* [TASK OBJECTIVE] Once the line containing "LED Plafondlamp - Trion" is found in the records below, return it and each following line exactly, up to and including the line containing "Maxi Cosi Maxi-Cosi®", and nothing else.

* [ENTRIES PROVIDED]
<<<<

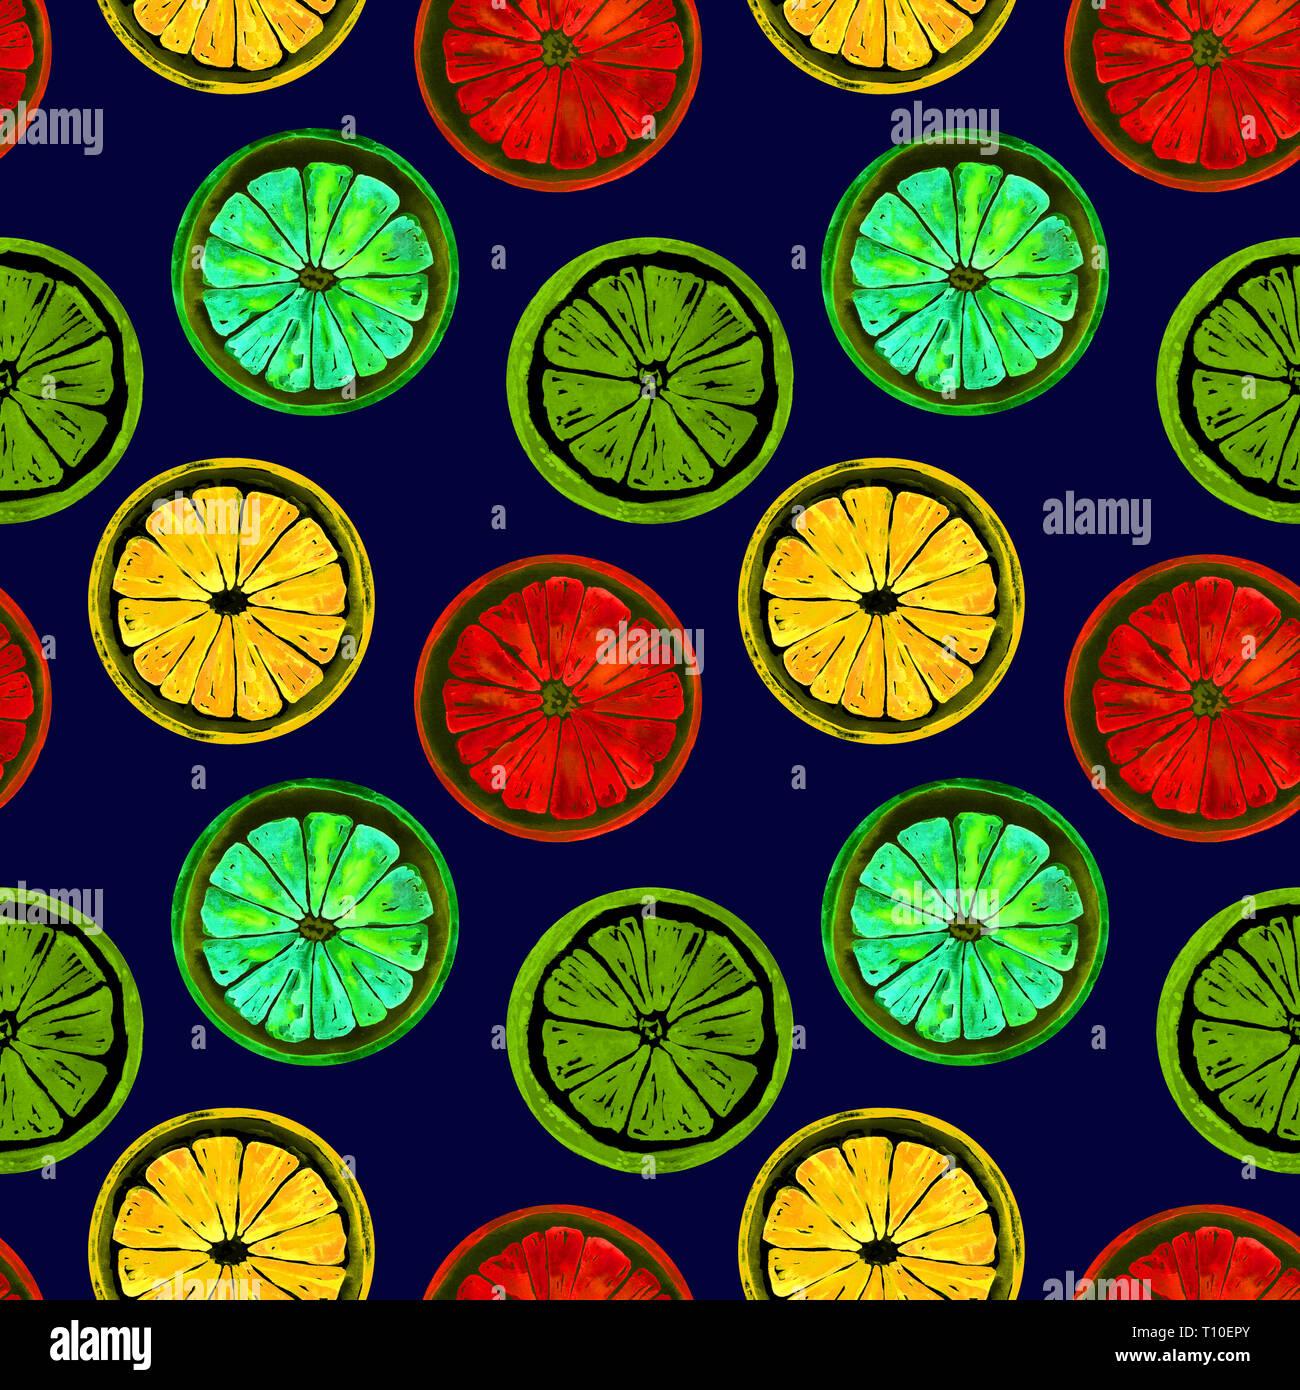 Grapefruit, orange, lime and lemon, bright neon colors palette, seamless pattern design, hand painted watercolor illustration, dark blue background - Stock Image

>>>>
<<<<

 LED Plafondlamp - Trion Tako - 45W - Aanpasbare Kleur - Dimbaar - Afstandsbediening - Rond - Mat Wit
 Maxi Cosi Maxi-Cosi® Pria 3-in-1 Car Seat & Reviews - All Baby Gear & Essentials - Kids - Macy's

>>>>

* [TASK RESPONSE]
 LED Plafondlamp - Trion Tako - 45W - Aanpasbare Kleur - Dimbaar - Afstandsbediening - Rond - Mat Wit
 Maxi Cosi Maxi-Cosi® Pria 3-in-1 Car Seat & Reviews - All Baby Gear & Essentials - Kids - Macy's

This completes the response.